This notebook uses some additional libraries not installed on Colab by default:
- `keras-cv` extends Keras with computer vision-focused tools.\
We use the RetinaNet model, bounding box utilities, and more.

- `luketils` is used in, and written by the author of, the tutorial referenced above.\
We use some of its visualization functions.

In [None]:
!pip install keras-cv luketils

Import the major packages we'll be using. Other imports will be done as needed.

In [None]:
import tensorflow as tf
from tensorflow import keras
import keras_cv
import matplotlib.pyplot as plt
import cv2 as cv

# Data

Global parameters that were used to construct the network portion of the model.

`IMAGE_SIZE` - The square image size for the neural network portion of the model. Images are resized to `IMAGE_SIZE`x`IMAGE_SIZE` without respect for their original aspect ratio. Note that once the network has made predictions, other parts of the model will use the original image.

In [None]:
IMAGE_SIZE = 512

The collected data has been made available on a shared Google Drive.\
To access the data, we need to connect the drive to the notebook.

In [None]:
# TODO: Figure out how to share dataset publicly and connect to notebook easily
from os import path
PROJECT_FOLDER = '/content/drive/Shareddrives/DCC Capstone'
IMAGES_FOLDER = path.join(PROJECT_FOLDER, 'Images')
MODEL_FOLDER = path.join(PROJECT_FOLDER, 'Model', 'model')

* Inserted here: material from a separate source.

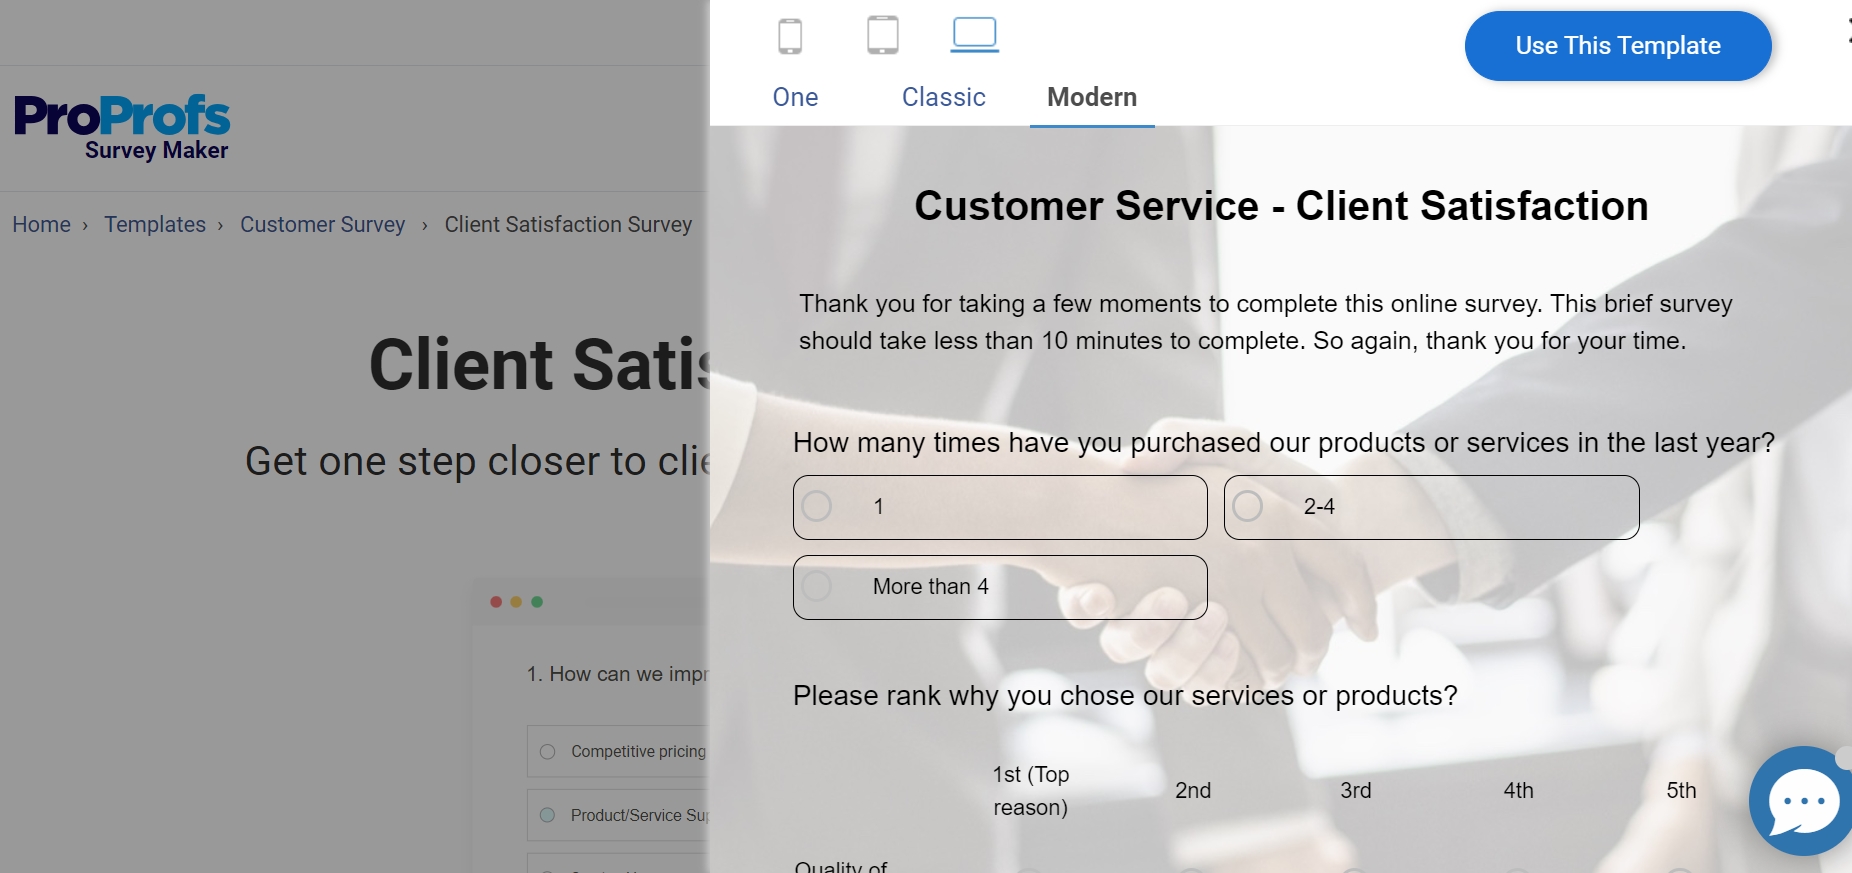 Client Satisfaction Survey Template
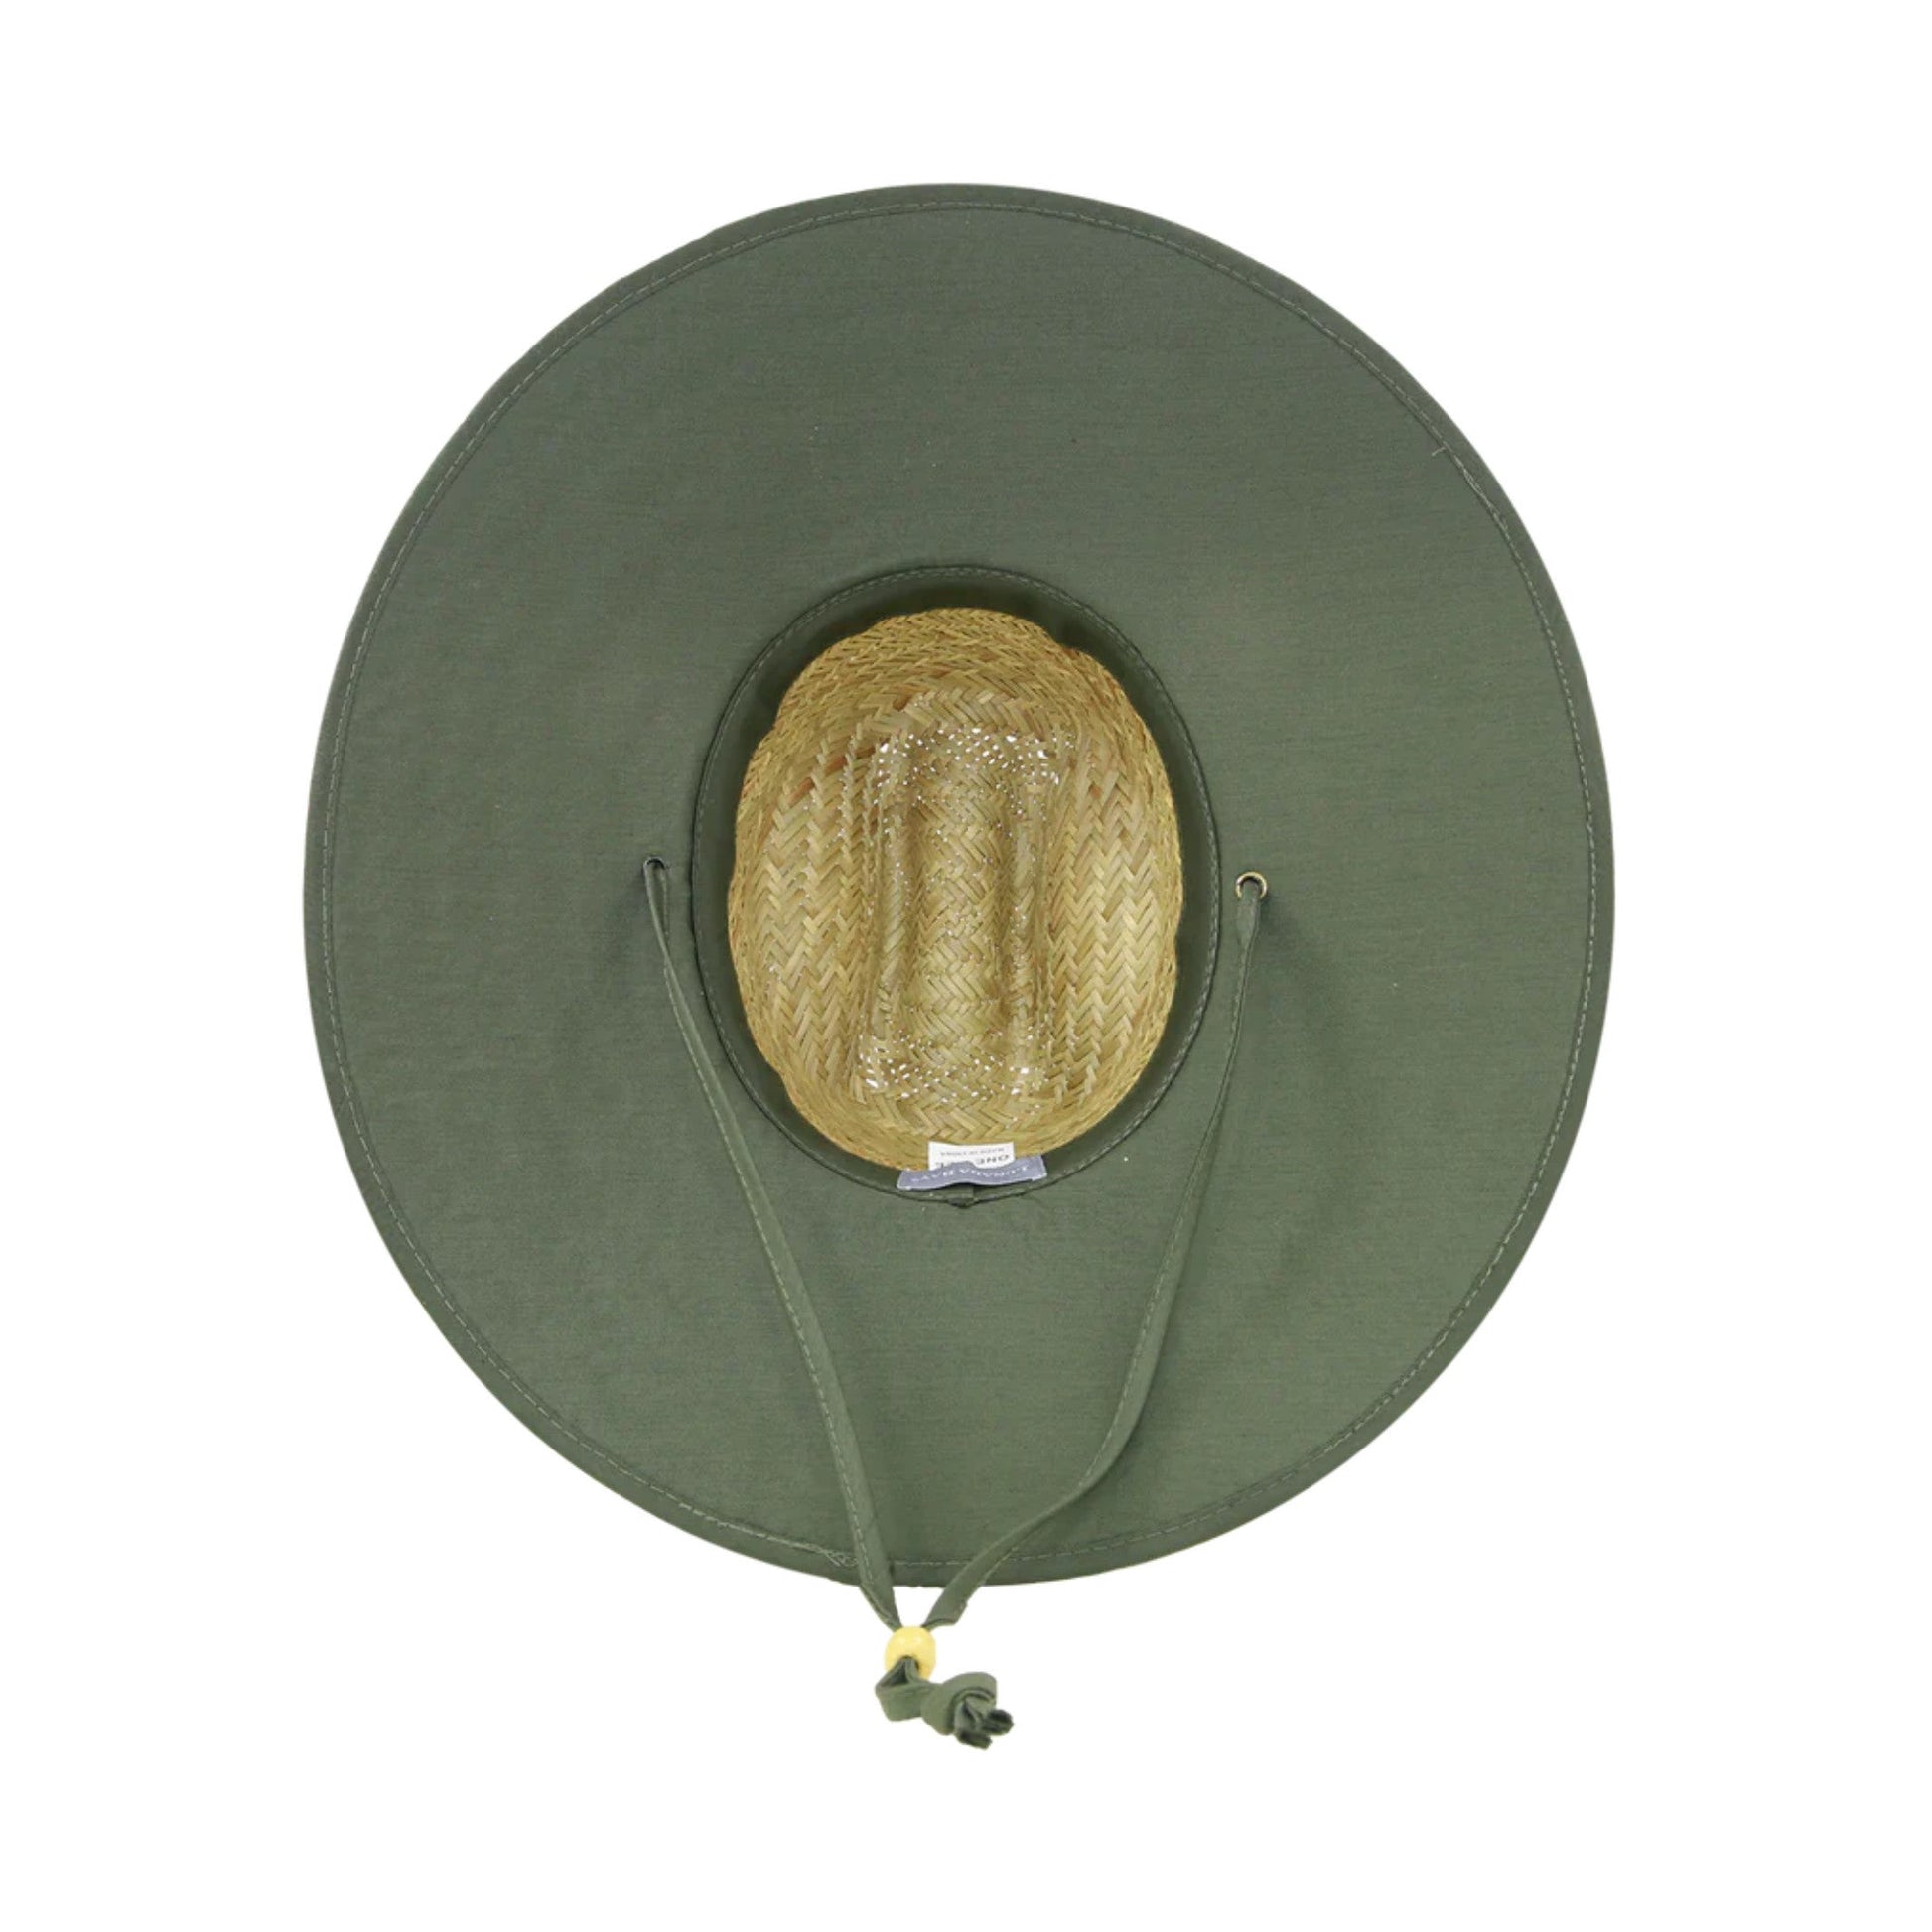 Straw Hats - Lifeguard Wide Brim Straw Sun Hat Dark Green

from google.colab import drive
drive.mount('/content/drive')

We'll also want the list of classes, simply hardcoded here:

In [None]:
class_ids = [
  'brick',
  'chapel',
  'cottage',
  'farm',
  'tavern',
  'theater',
  'wheat',
  'wood',
  'board',
  'factory',
  'stone',
  'well',
  'glass',
]
class_mapping = dict(zip(range(len(class_ids)), class_ids))
print(class_mapping)

# Visualization

Define a function to help us visualize detections.

In [None]:
from luketils import visualization

def visualize_detections(image, predictions):
  visualization.plot_bounding_box_gallery(
          [image],
          value_range=(0, 255),
          bounding_box_format='xywh',
          y_true=None,
          y_pred=[predictions],
          pred_color=(128,255,128),
          scale=12,
          rows=1,
          cols=1,
          show=True,
          thickness=12,
          font_scale=4,
          class_mapping=class_mapping,
    )

# Model Creation

## RetinaNet

Reconstruct the RetinaNet neural network created in `training.ipynb`. The networks must match in order to load the saved weights. There is no need to load the ImageNet weights, since they were included in the saved weights.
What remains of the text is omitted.